Already his first paper (Peleg 1959) considers cooperative games, namely those that are superadditive and possess von Neumann-Morgenstern stable sets, and Bezalel Peleg contributed to cooperative game theory throughout until now. In a seminal paper with Aumann (1960) he extended stable sets to cooperative games without side payments (NTU games) and formulated the notions of \(\alpha \)- and \(\beta \)-effectiveness for cooperative games in strategic form that lead to \(\alpha \)- and \(\beta \)-versions of solutions like the core. In another early paper (1967) he proved the existence of the bargaining set, thereby providing a generalization of the Knaster–Kuratowski–Mazurkiewicz lemma. In an important paper with Maschler and Shapley (1967) he proved that the bargaining set and kernel of a convex game coincide with its core and nucleolus, respectively. In the same year, with Maschler, he supported several kinds of generalized nucleoli as stable points of certain intuitively defined set-valued dynamic systems. Some of his later major contributions belong to the so-called axiomatic approach. Based on the Davis–Maschler reduced game, he extended the reduced game property to set-valued solutions and introduced the converse reduced game property. With the help of these and other intuitive axioms he provided axiomatizations of the core for NTU games (1985), for market games (1989, and with Sudhölter, 2002), and of the prekernel. His popular book (Peleg and Sudhölter 2007) on cooperative game theory provides a systematic study of the core, kernel, bargaining sets, and the Shapley value. He analyzed and compared the Davis-Maschler bargaining set and the Mas-Colell bargaining set for simple majority NTU voting games (with Holzman and Sudhölter, 2007) and, more recently, showed that these bargaining sets coincide with the core for certain kinds of convex NTU games, namely for ordinal and for coalition merge convex games (with Sudhölter, 2015).
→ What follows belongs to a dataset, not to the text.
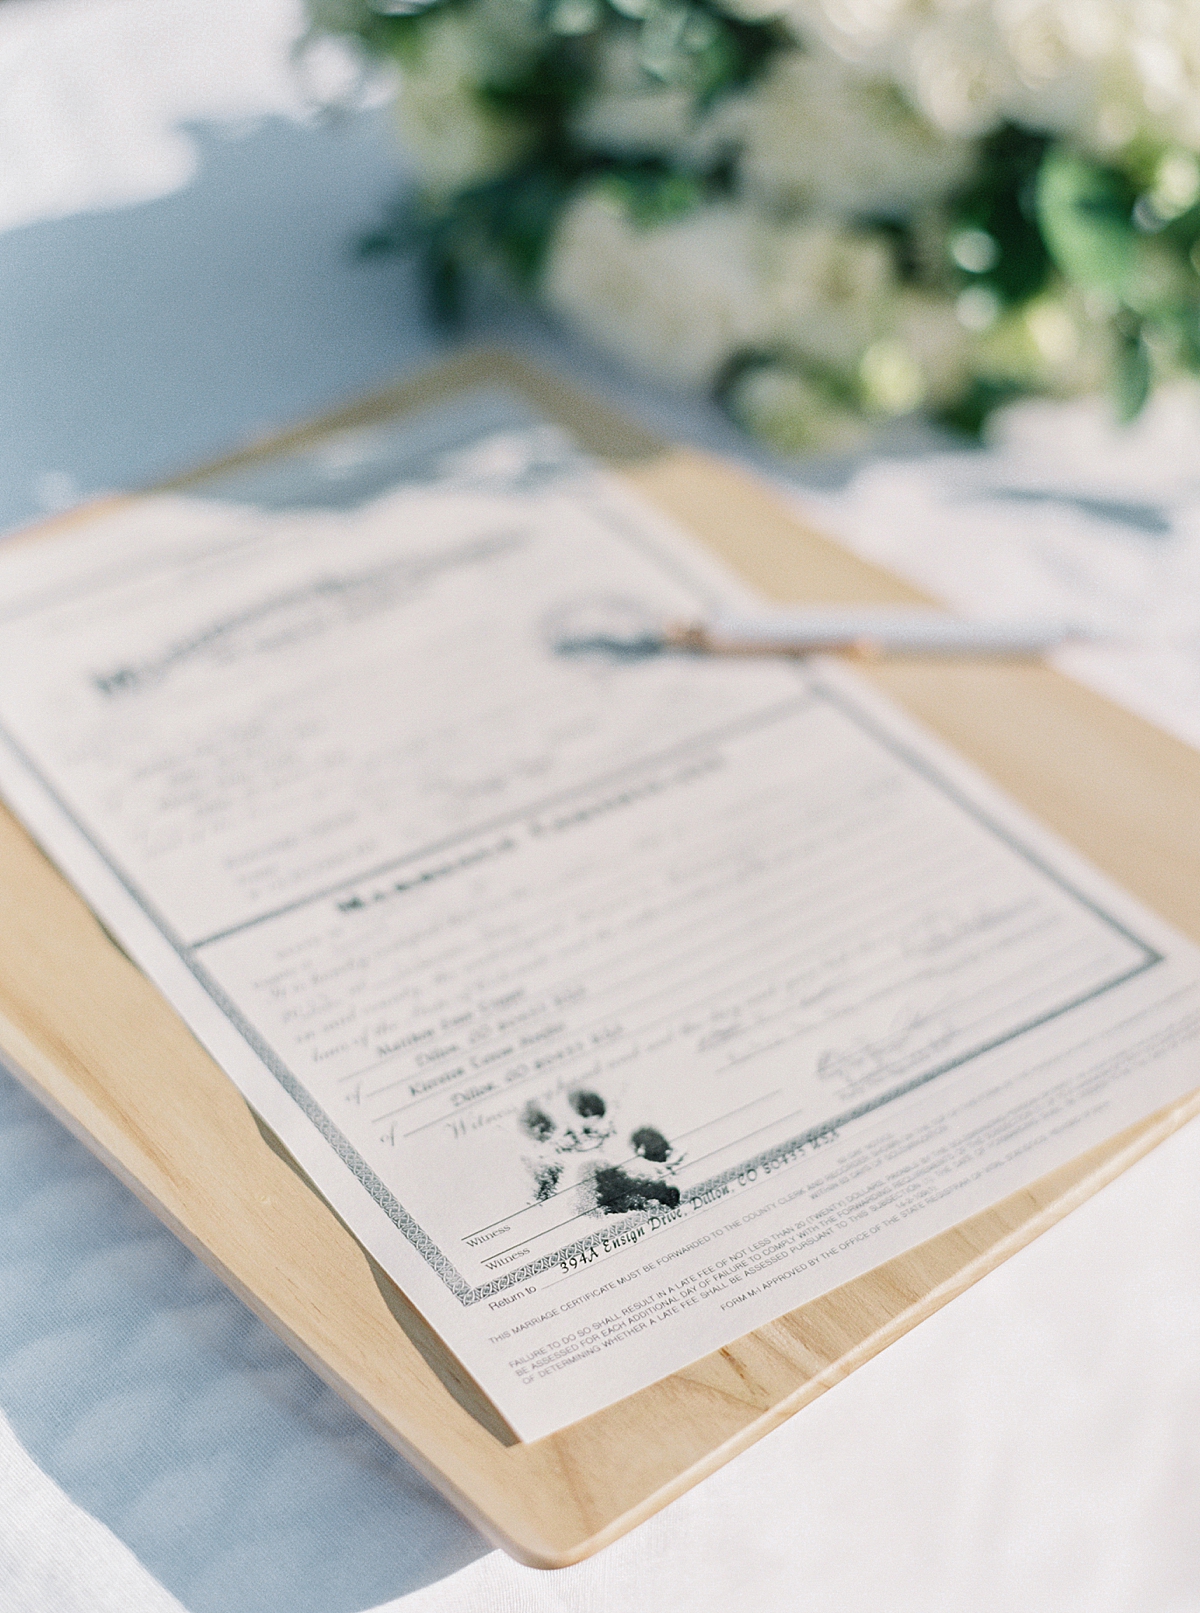 a colorado marriage license with paw print signature

An important contribution of Bezalel Peleg to non-cooperative game theory was the development of a new solution concept (with Bernheim and Whinston, 1987) called coalition-proof Nash equilibrium. A coalition-proof Nash equilibrium is a strategy profile such that no coalition can credibly and profitably deviate. A profitable deviation is not credible if there is a subcoalition that can credibly and profitably deviate from the original deviation. This leads to a recursive definition, where profitable deviations by one-person coalitions are always credible. Coalition proof Nash equilibrium is a weakening of strong equilibrium; the latter often fails to exist.

Bezalel Peleg’s attitude as a theorist was characterized by his striving for both mathematical rigor and meaningfulness. His writing style was short and precise, and he regarded the problems that he worked on as important and pertaining to real-life. He would not easily compromise or be satisfied by partial solutions. Bezalel Peleg was an extremely modest and friendly person whom we will miss dearly.